There was a light knock on my half open door. I sat up, expecting Mom, and saw Jake instead. My heart hammered.
“Hey, Bren.” His eyes were red-rimmed and darted nervously around the room, failing to focus on anything. He held a bouquet of flowers in his hand, pink and green and white. It was the brightest, freshest thing I had seen in days. “If you don’t want me here, I’ll leave.” He looked at Saxon and nodded. The two of them eyed each other warily, but it didn’t seem like there was any anger between them.
“I was just leaving.” Saxon got up.
“Don’t go.” I grabbed his wrist, and he looked down at my hand, then traced Jake’s posey ring with the tip of his index finger. The air in the room already crackled with tension.
He kissed my hand, leaned down, and said quietly enough that Jake couldn‘t hear, “The look on your face when he walks into the room? That’s love, Bren. I can’t compete with that no matter how many times I jerk you off in my car. I know why I worked for you. I’m glad it lasted while it did.” He kissed my cheek.
I grabbed his arm. I knew there was no way to make it right, but I felt the heavy lead of a guilty conscience on my shoulders. I hated that the way I acted brought Saxon pain. I wished I could take it all back. He was giving me a mocking look that tried to trick me into thinking he didn’t care. “You’re being a self-obsessed ass,” I hissed. “Stop being so melodramatic. Please stay.”
He kissed my cheek again, then turned and left.
And I was alone with Jake.
As much as it hurt when I saw the disappointment in Saxon’s eyes, I knew that every single thing he said was true.
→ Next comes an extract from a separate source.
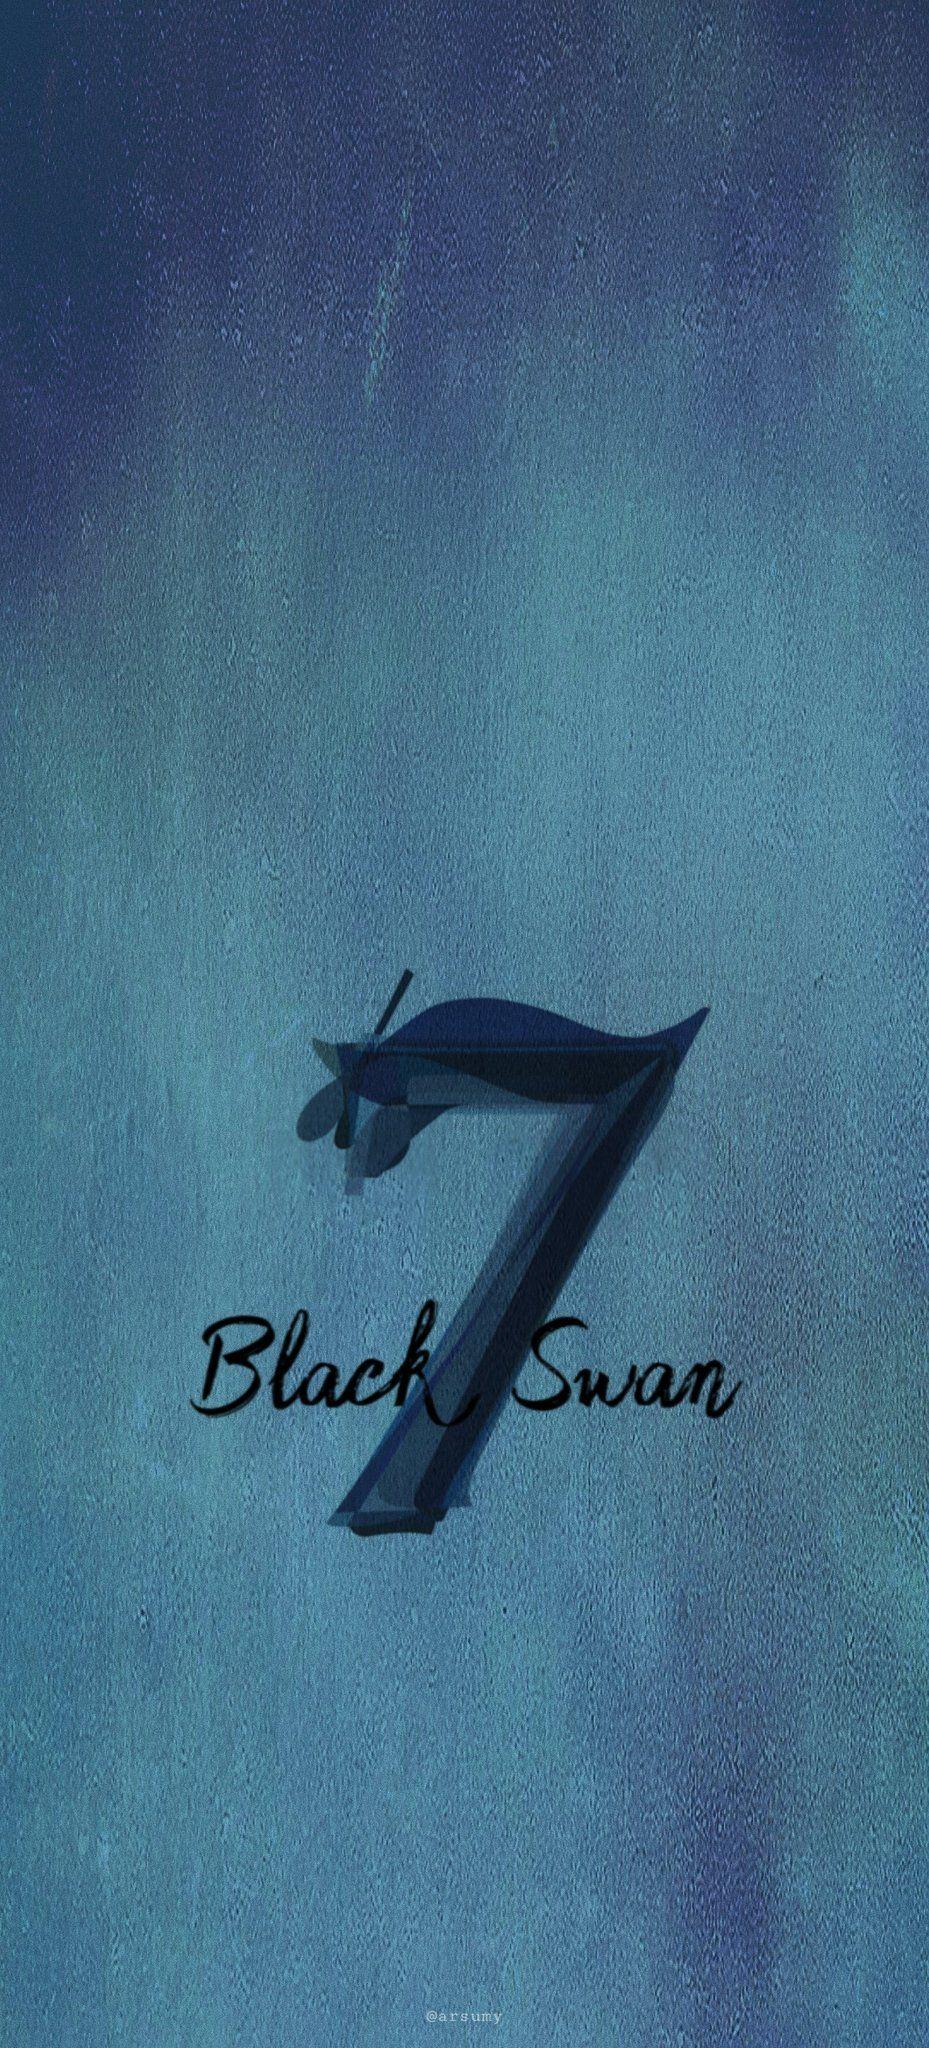 on Twitter Bts wallpaper lyrics Swan wallpaper 929x2048

I did love Jake. I loved Jake Kelly, and if he was coming to tell me that there was a way for us to be together again, there wasn’t one fiber in my body that would be capable of resisting him.
I sat up straighter and tried to move the tray on my lap. I wasn’t necessarily looking for him to swoop in and help me, but I did want to see how he’d react and if things would still be cool between us.
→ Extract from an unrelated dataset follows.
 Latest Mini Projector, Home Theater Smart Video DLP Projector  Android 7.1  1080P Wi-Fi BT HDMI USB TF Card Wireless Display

He hurried over, grabbed the tray and lifted the whole heavy thing with an ease that reflected regular hard work. He put it down gently while I watched his muscles flex. He pointed to the chair uncertainly.
I nodded. “Sit down.” I reached over and ran my hands over the petals of the flowers, some of them already scattered lightly over my bedspread. “Are the flowers for me?”
He picked them up and placed them on my lap. “Of course.” He stared at them without really seeing them.
“Thank you.” I pulled them up to smell them.
“You’re welcome.” His voice was robotic. He sat and folded his hands awkwardly, seeming unsure what to do with them. “You were really sick,” he informed me, his voice shaky.
“No.” I shook my head. “I mean, I had pneumonia, but there weren’t any complications or anything. I’m fine.” If he was here because he thought I was at death’s door, then I didn‘t want it. It would be like having someone love you because he was under a love spell; you could never trust a contrived love like that.
“You look really bad.” He hung his head.
“Thanks a lot, Jake,” I teased, trying to figure out exactly why he was back in my room and how long it could possibly last.
“You know what I mean.” He looked up at me, his gray eyes stark and wild, his face so angry, I dropped the bouquet in surprise. “I wasn’t even around. If something had happened…”
“That’s because we broke up,” I interrupted as if I was explaining some kind of complicated secret.
“Yeah, about that.” He very slowly took my hand and ran his thumb over the posey ring Saxon had slid on. “You wanted to tell me why. That day you came to see me at Zinga’s.”
“You didn’t want to hear.” I stared at my hand in his and my heart fluttered. “When I came and saw you, you told me to get lost.” I furrowed my brow. “Now you want to know?”
“I was so damn mad at you, Brenna.” He stroked my hand with quick, soft touches. “And I still am. Kind of. Then you had to go and almost die. Like Kate Winslet in Sense and Sensibility.”
I smiled at his obvious attempt to butter me up, even if he was claiming to be pissed at me. “Marianne Dashwood,” I corrected. “Kate Winslet just played her in the movie.”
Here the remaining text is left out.